So what’s the issue here?  Romney (the hard-nosed businessman) made a rather self-righteous proclamation last summer: if he paid more taxes than he owed, he wouldn’t be qualified to be president.  Here is how this was reported in today’s New York Times, “Romney Reveals He Paid 14% Rate in 2011 Tax Return.”

Mr. Romney’s tax return for last year showed just how sensitive a political matter his wealth and tax rate has become. In a bit of reverse financial engineering, he and his wife, Ann, gave up $1.75 million worth of charitable deductions, raising his tax payments significantly.

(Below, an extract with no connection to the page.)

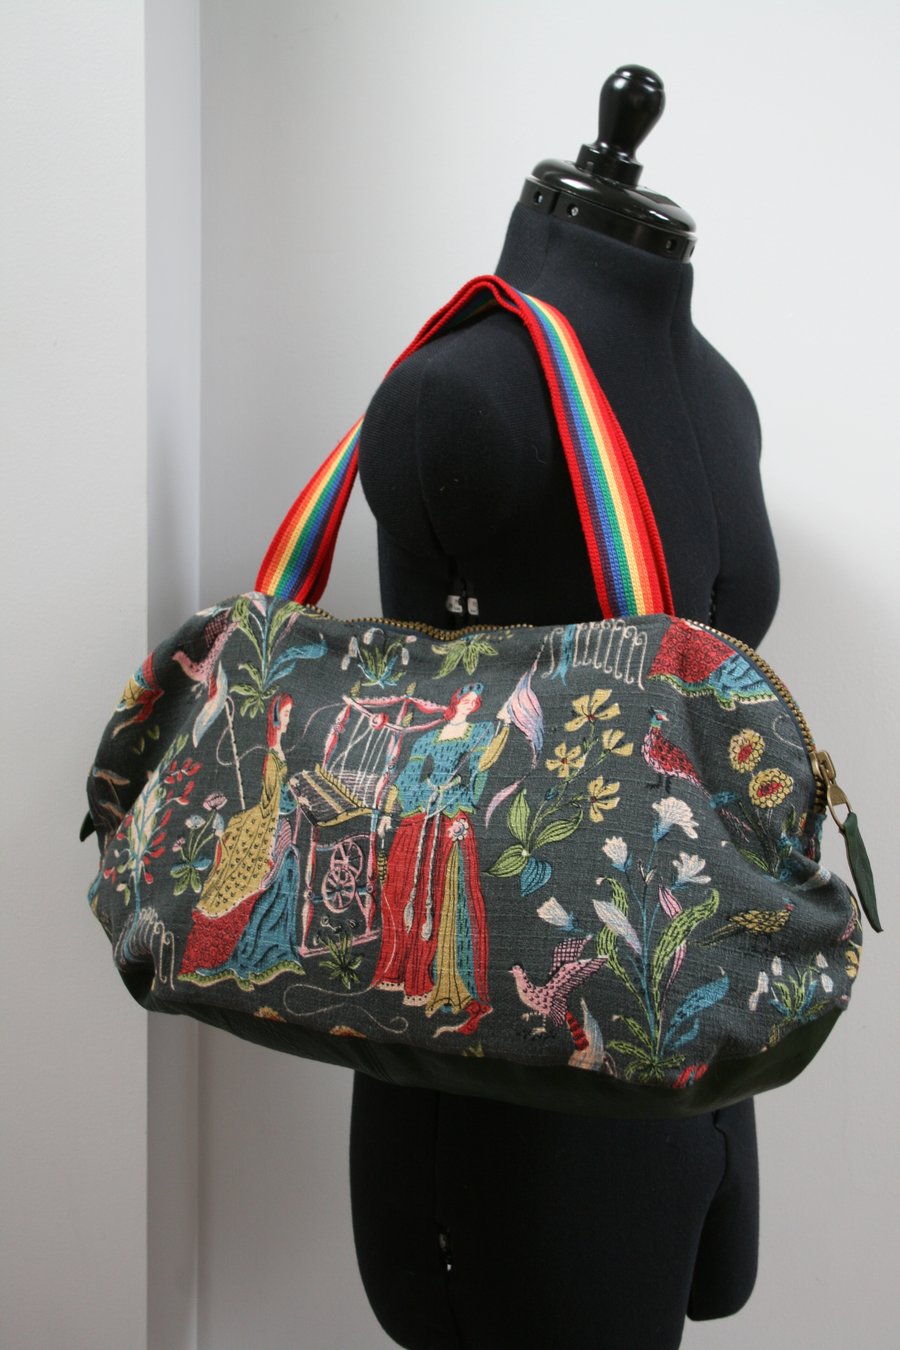 Overnight bag - upcycled and vintage weaving retro rainbow holdall tote, handbag

Had he claimed all the deductions to which he was entitled in 2011, his effective rate could have dipped to near 10 percent, contradicting his past assurances that he had never paid below 13 percent.

But forgoing the full deductions available to him put him at odds with his own past assertions that he had never paid more taxes than he owed and his statement that if he had done so, “I don’t think I’d be qualified to become president,” as he put it to ABC News in July.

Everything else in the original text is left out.